Butner Joseph D, Dogra Prashant, Chung Caroline, Koay Eugene J, Welsh James W, Hong David S, Cristini Vittorio, Wang Zhihui
Department of Radiation Oncology, The University of Texas MD Anderson Cancer Center, Houston, TX 77030, USA.
Institute for Data Science in Oncology, The University of Texas MD Anderson Cancer Center, Houston, TX 77030, USA.
Res Sq. 2024 Mar 29:rs.3.rs-4151883. doi: 10.21203/rs.3.rs-4151883/v1.
We present a study where predictive mechanistic modeling is used in combination with deep learning methods to predict individual patient survival probabilities under immune checkpoint inhibitor (ICI) therapy. This hybrid approach enables prediction based on both measures that are calculable from mechanistic models (but may not be directly measurable in the clinic) and easily measurable quantities or characteristics (that are not always readily incorporated into predictive mechanistic models). The mechanistic model we have applied here can predict tumor response from CT or MRI imaging based on key mechanisms underlying checkpoint inhibitor therapy, and in the present work, its parameters were combined with readily-available clinical measures from 93 patients into a hybrid training set for a deep learning time-to-event predictive model. Analysis revealed that training an artificial neural network with both mechanistic modeling-derived and clinical measures achieved higher per-patient predictive accuracy based on event-time concordance, Brier score, and negative binomial log-likelihood-based criteria than when only mechanistic model-derived values or only clinical data were used. Feature importance analysis revealed that both clinical and model-derived parameters play prominent roles in neural network decision making, and in increasing prediction accuracy, further supporting the advantage of our hybrid approach. We anticipate that many existing mechanistic models may be hybridized with deep learning methods in a similar manner to improve predictive accuracy through addition of additional data that may not be readily implemented in mechanistic descriptions.

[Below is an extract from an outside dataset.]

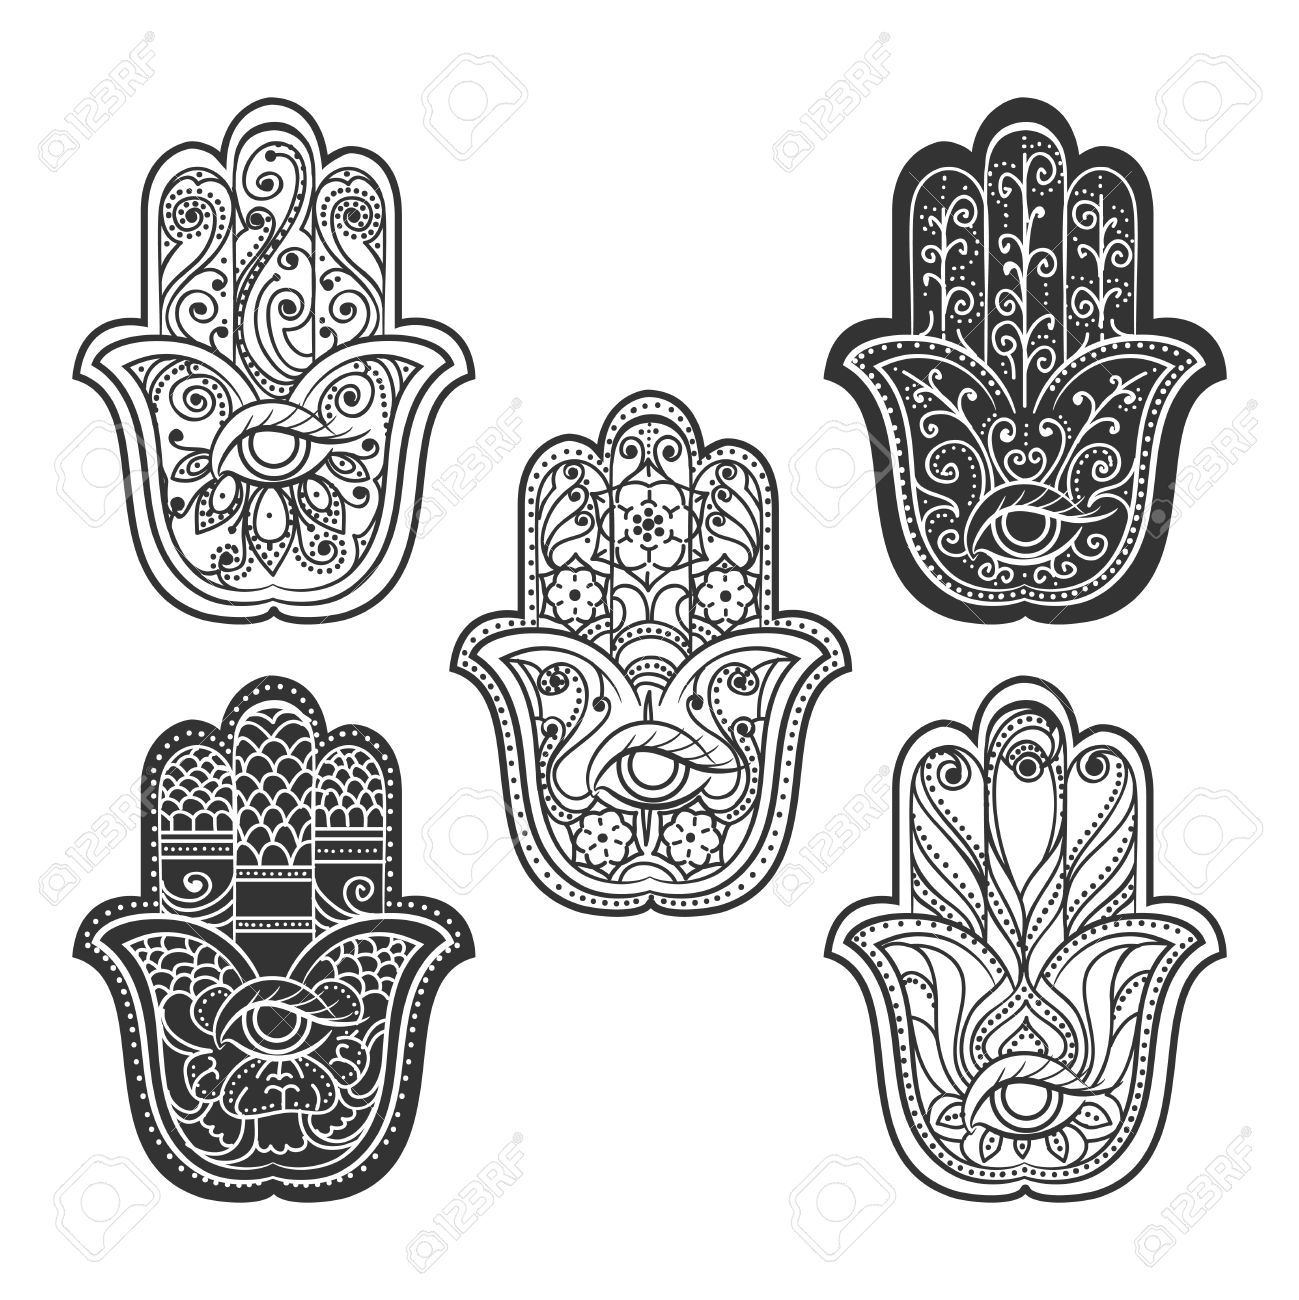 indian hamsa hand mit auge spiritual ethnischen ornament vektor illustration tattoo mandala. Black Bedroom Furniture Sets. Home Design Ideas

我们展示了一项研究,其中预测性机制建模与深度学习方法相结合,以预测免疫检查点抑制剂(ICI)治疗下个体患者的生存概率。这种混合方法能够基于可从机制模型计算得出(但在临床中可能无法直接测量)的指标以及易于测量的量或特征(这些特征并不总是容易纳入预测性机制模型)进行预测。我们在此应用的机制模型可以基于检查点抑制剂治疗的关键机制,从CT或MRI成像预测肿瘤反应,在本研究中,其参数与93例患者的现成临床指标相结合,形成一个用于深度学习事件时间预测模型的混合训练集。分析表明,与仅使用机制模型得出的值或仅使用临床数据相比,使用机制建模得出的指标和临床指标训练人工神经网络,基于事件时间一致性、Brier评分和基于负二项式对数似然的标准,实现了更高的个体患者预测准确性。特征重要性分析表明,临床参数和模型得出的参数在神经网络决策中都起着重要作用,并且在提高预测准确性方面,进一步支持了我们混合方法的优势。我们预计,许多现有的机制模型可能会以类似的方式与深度学习方法相结合,通过添加可能不易在机制描述中实现的额外数据来提高预测准确性。